◆ Exercise prompt
Please output every line of the material as it stands, without the pictures.

◆ Supplied information
⁂
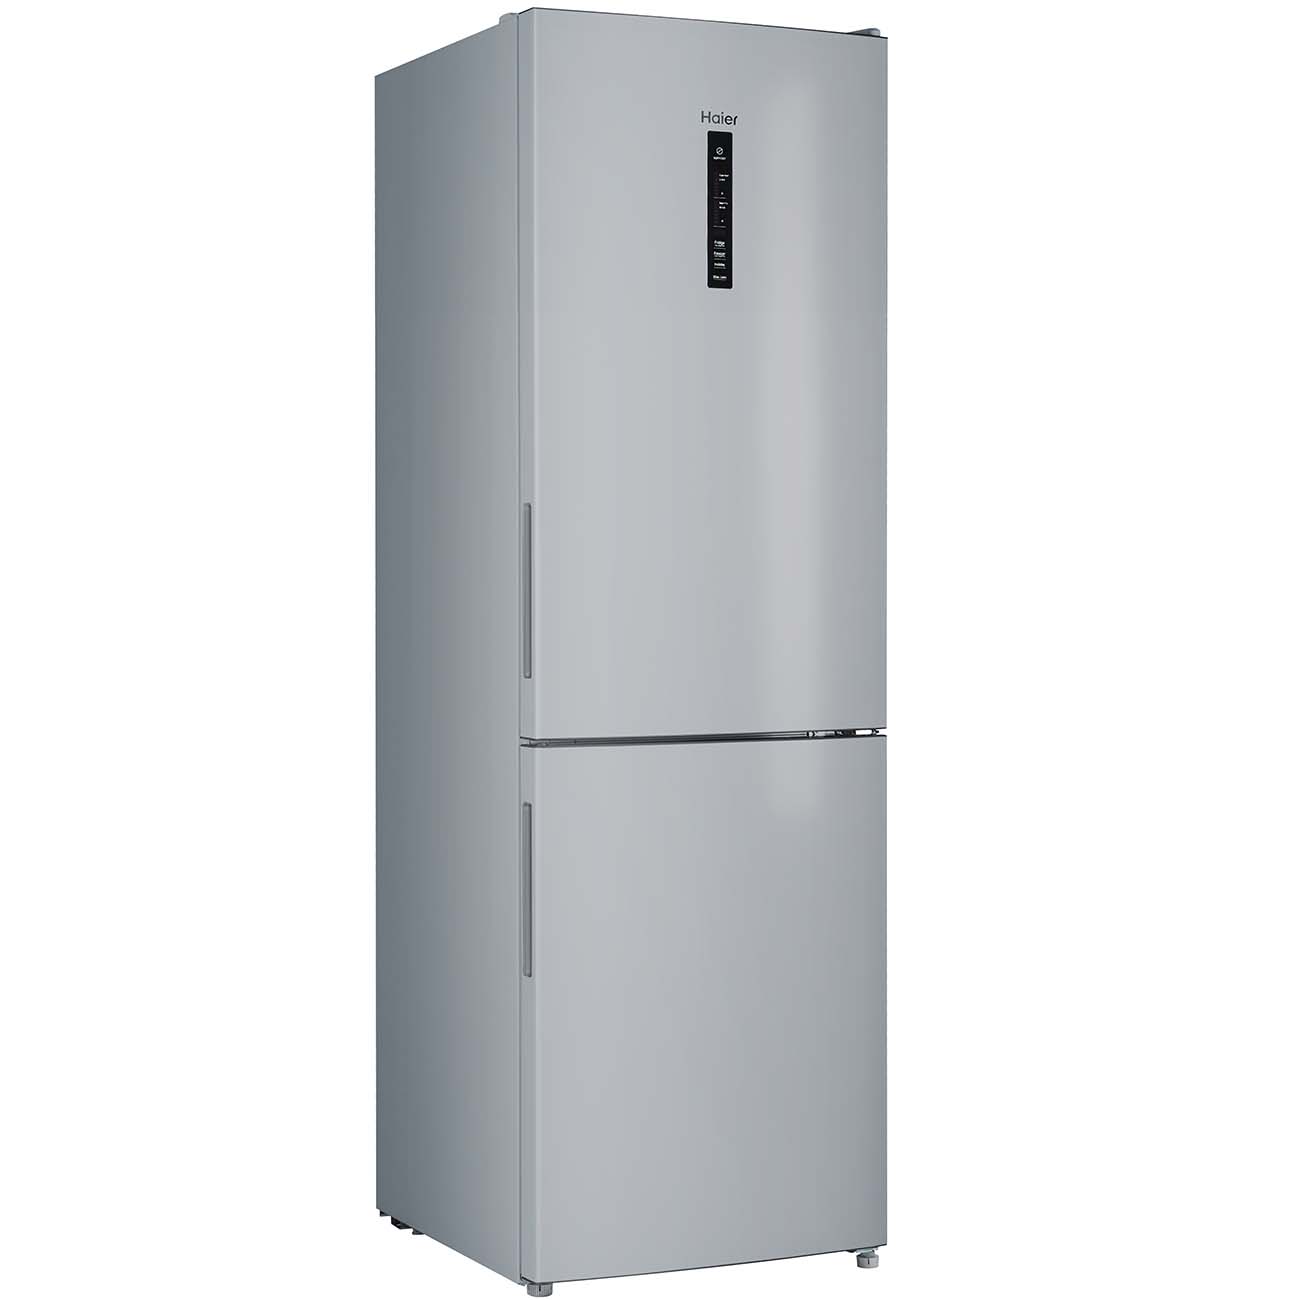 Холодильник хайер производитель. Haier cef535asg. Холодильник Haier cef535asg. Холодильник Haier cef537asg. Холодильник Хайер 535.
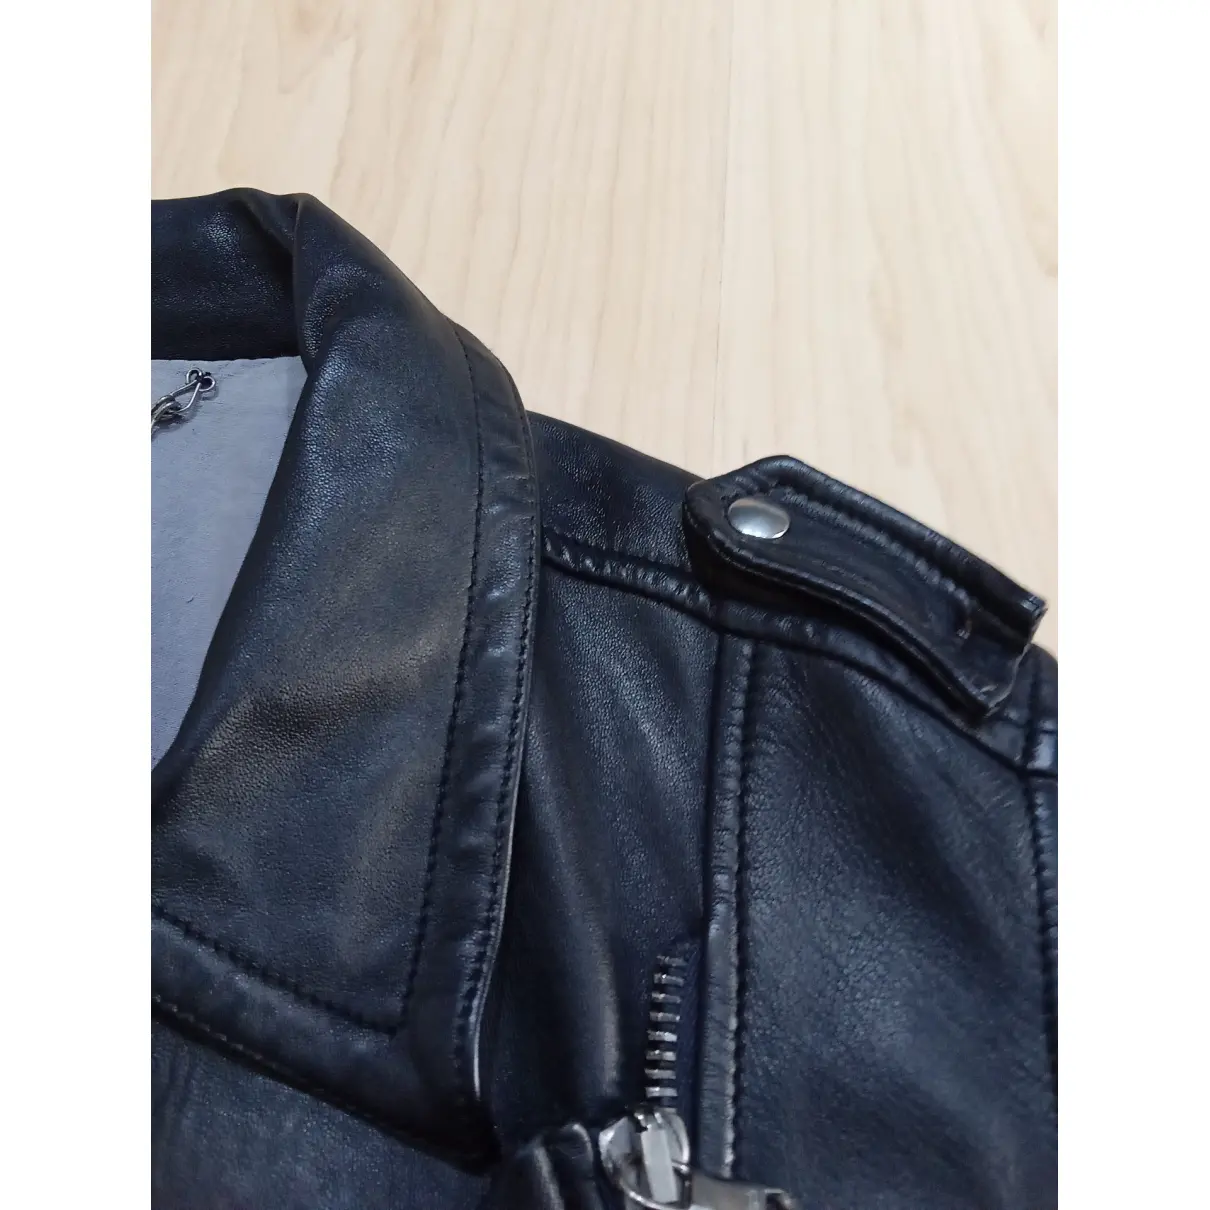 Buy Maison Mihara Yasuhiro Leather vest online - Vintage
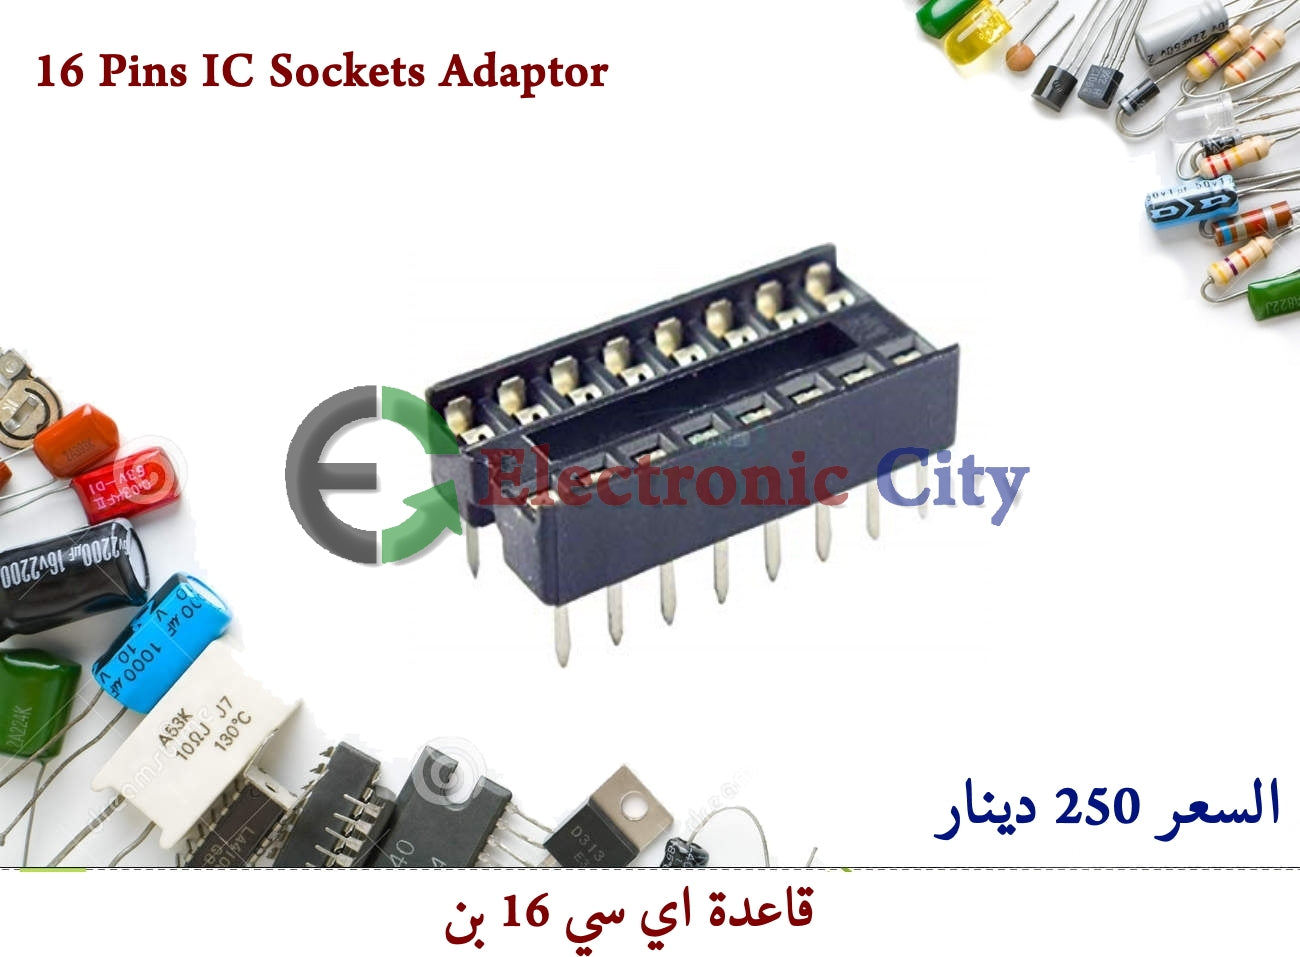 16 Pins IC Sockets Adaptor
⁂
◆ Written response
 Холодильник хайер производитель. Haier cef535asg. Холодильник Haier cef535asg. Холодильник Haier cef537asg. Холодильник Хайер 535.
 Buy Maison Mihara Yasuhiro Leather vest online - Vintage
 16 Pins IC Sockets Adaptor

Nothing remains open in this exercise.